NPR, in its stellar review, concluded: “Mixing humor and tragedy is always a difficult balancing act, particularly in a novel dealing with drug addiction, broken families and violence, and the fact that Mulhauser pulls it off so brilliantly in a debut novel is something like a miracle. ‘Sweetgirl’ is hilarious, heartbreaking and true, a major accomplishment from an author who looks certain to have an impressive career ahead of him.”

The final chair on the stage will be filled by Ross Howell Jr., born in West Virginia, moved all over the country and finally raised in Floyd County, Va., now living in Greensboro; he teaches at Elon University. He received his education at University of Virginia, Harvard, and the Iowa Writer’s Workshop before pursuing a career in fundraising, marketing and book publishing.

Howell did not let that MFA from Iowa go to waste, publishing short fiction in a number of literary journals and magazines, but his novel “Forsaken,” published just this month, is his first book. Howell says, “… I should be old enough to know better,” but I think once you have met the author and read the book, you will beg to disagree with him.

“Forsaken” is based on a true story, the 1912 murder trial of Virginia Christian in Hampton, Va. The African American child was found guilty of murdering her 51-year-old employer and executed in the electric chair at the age of 17. Many of the characters are true historical figures, including Christian herself, her attorney George Washington Fields, a former slave who graduated from Cornell and continued to practice law even though blind, and Gov. William Hodges Mann, who denied Christian clemency.

The narrator, the journalist Charles Mears, is more of a fabrication, and yet he, as much as Virginia Christian, is who the novel is about, and it is Mears who drives the story. Howell did a tremendous amount of research in order to write “Forsaken,” and he has taken that raw information and transformed it into a novel of the times then and sadly, in some respects, our times today.

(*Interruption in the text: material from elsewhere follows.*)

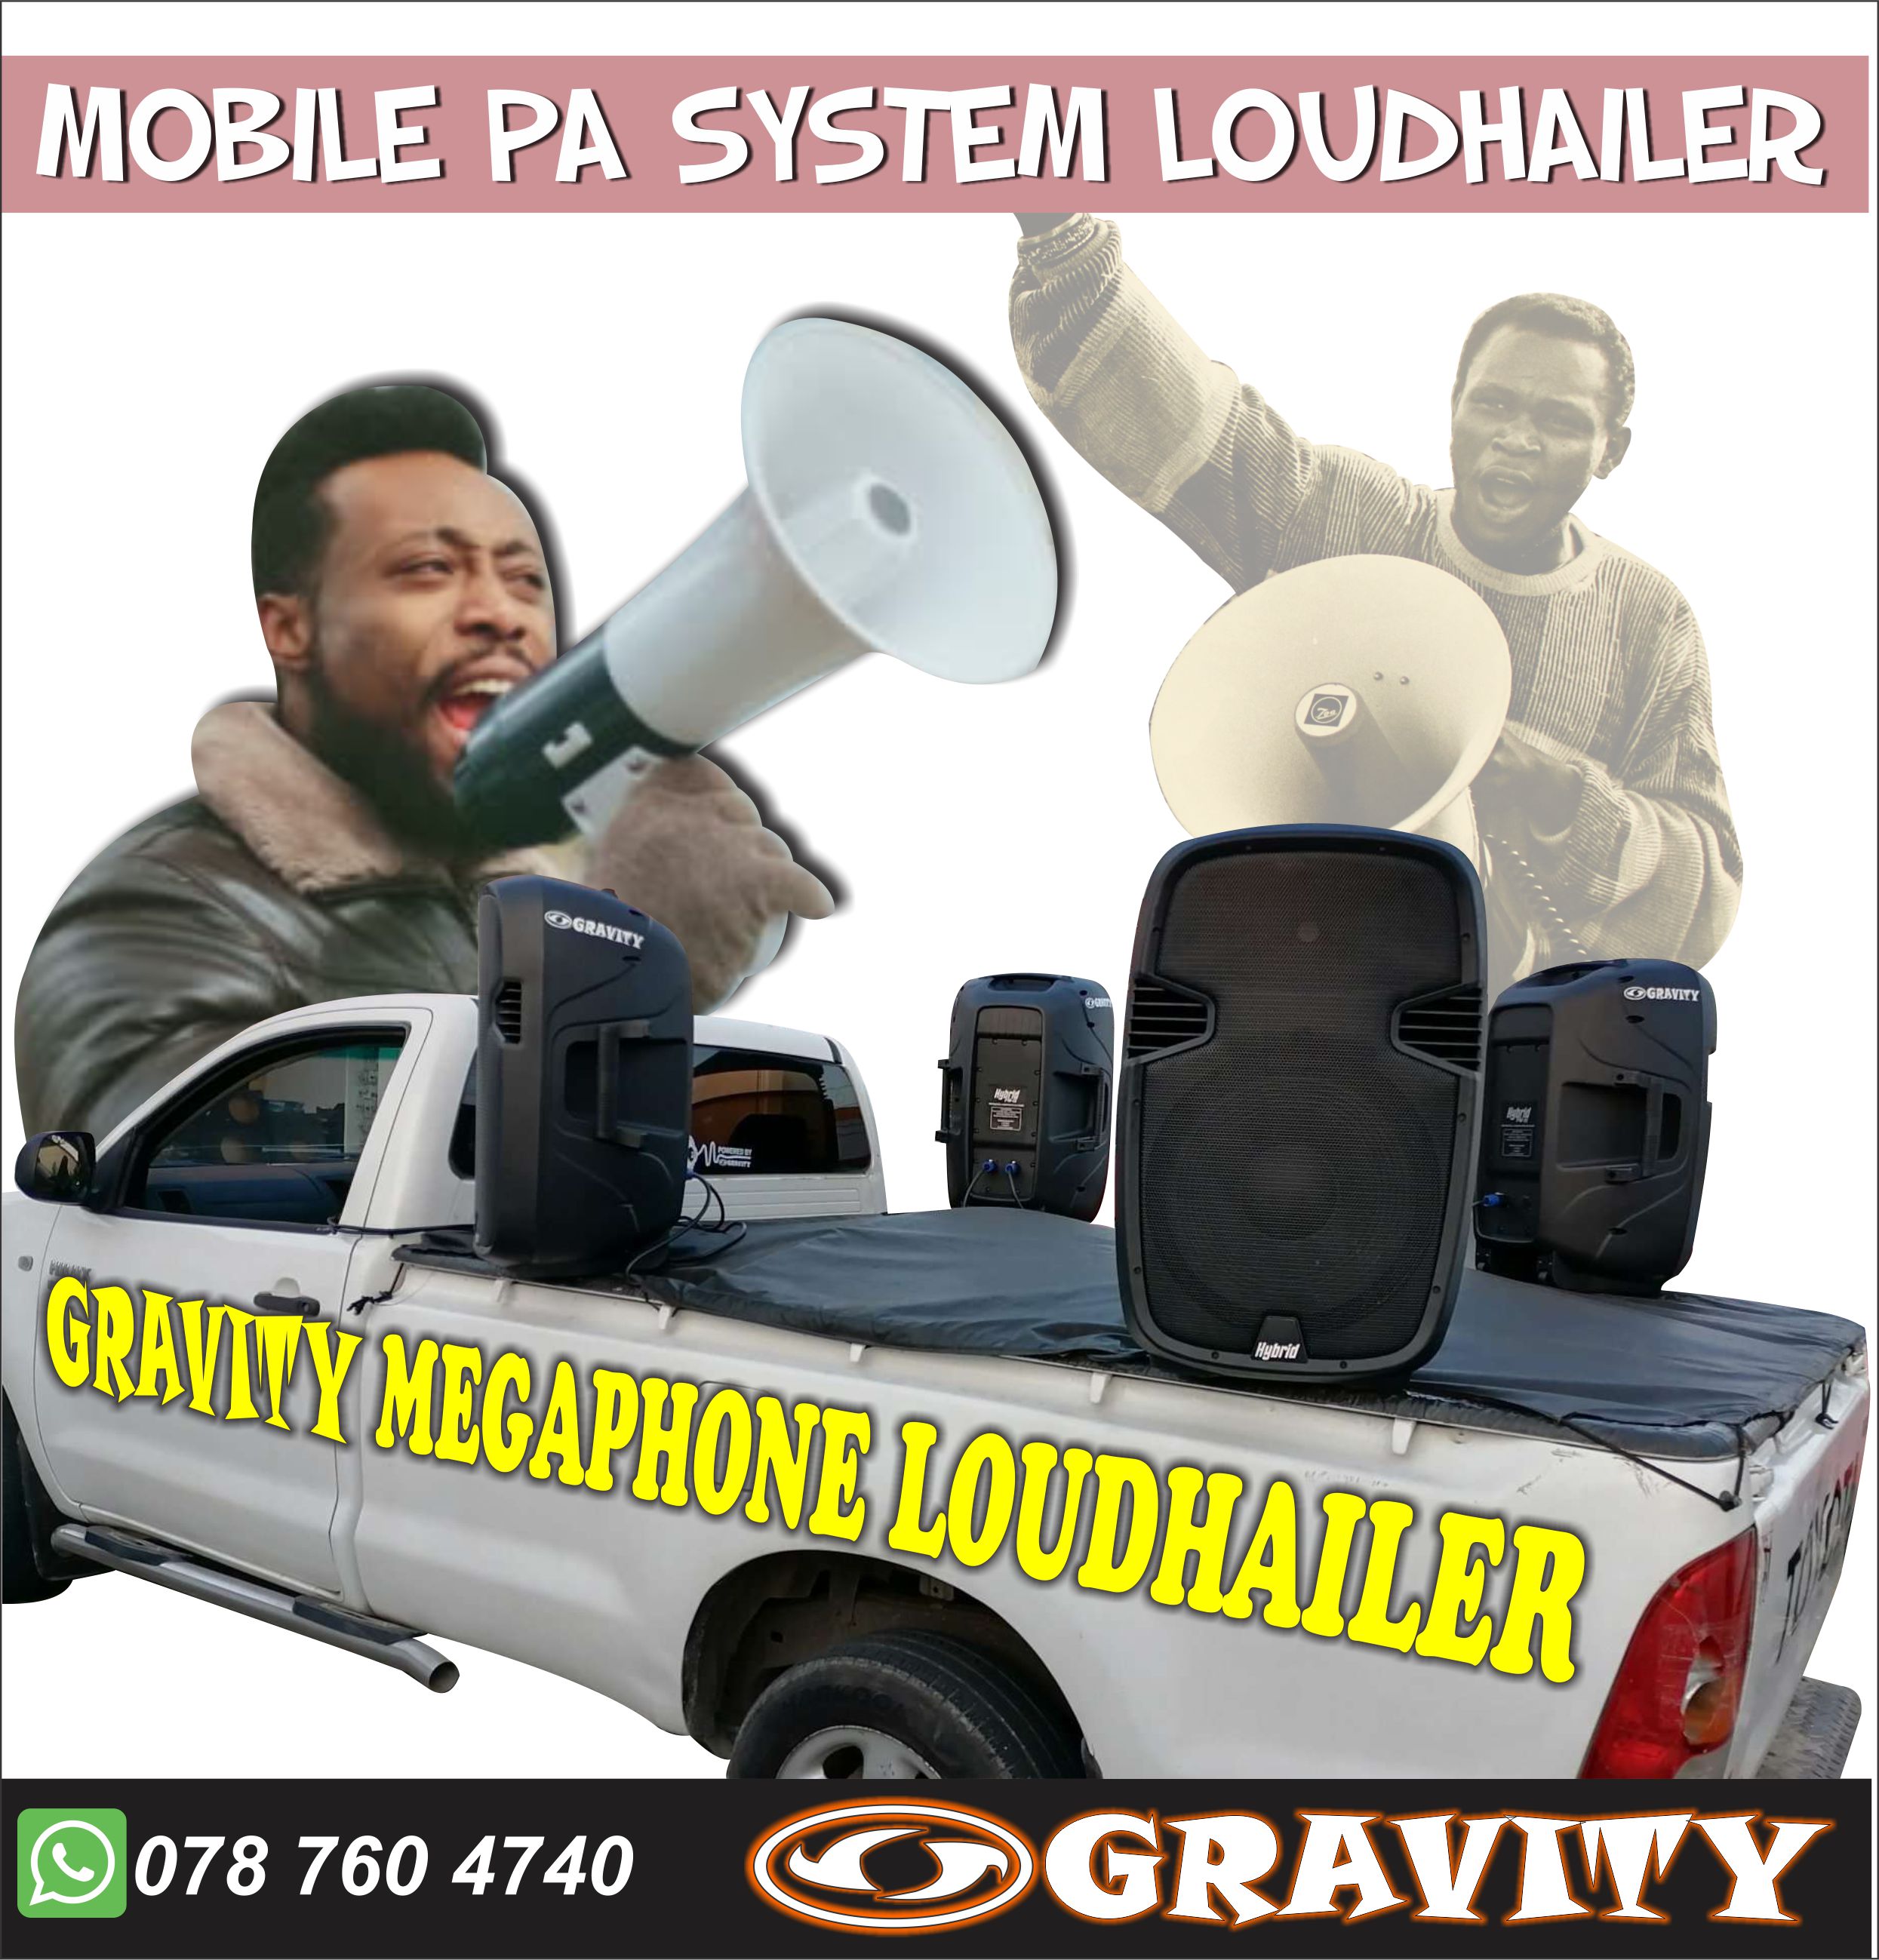 Megaphone Loudhailer Mic Speaker PUBLIC ADDRESS BROADCASTING SYSTEMS DURBAN elections megaphone loudhailer | deal megphones mic system for all your outdoor events like rallys, marches, political rallys and announcements Political Elections outdoor announcements available at gravity dj store 0315072736  0315072463  . Megaphone Loudspeaker ANC elections outdoor events announcements 0315072463  DA political elections megaphone mic speaker needed at gravity dj store 0315072463  -with handheld mic OR without  -battery operated  -12v car power compatible  -Different sizes available:    * 5w / 15w  25w / 40w  loudspeaker horn loud hailer megaphone...`CALL STORE FOR AVAILABILITY  -sling strap carry about loudspeaker   -portable loudspeaker megaphone  -outdoor handheld mobile loudspeaker  Megaphones, loudhailers, and pa amplifiers used in public hearings, schools and elections a system of microphones, amplifiers, and loudspeakers used to amplify speech or music in a large building or at an outdoor gathering.This article is about audio systems. For public IP addresses, see IP address.Durable sound for events, evacuation, meetings and political rallies. Professional advice is free and is a phone call away Megaphone  From Wikipedia, the free encyclopedia This article is about the amplification device. For the chemical compound, see Megaphone (molecule). For other uses, see Megaphone (disambiguation).

It is obvious from the beginning that Howell’s interest in his subject neither began nor will end with his novel. In an interview with Shelf Awareness, Howell says, “Virgie Christian’s life and death were shaped by the distrust and hate of one race for another. I saw that distrust and hate as a young man. And now, a full century after her death, I see hate and distrust growing.” Howell concludes, “I hope readers take away from this novel empathy, hope and the resolve to honor human dignity.”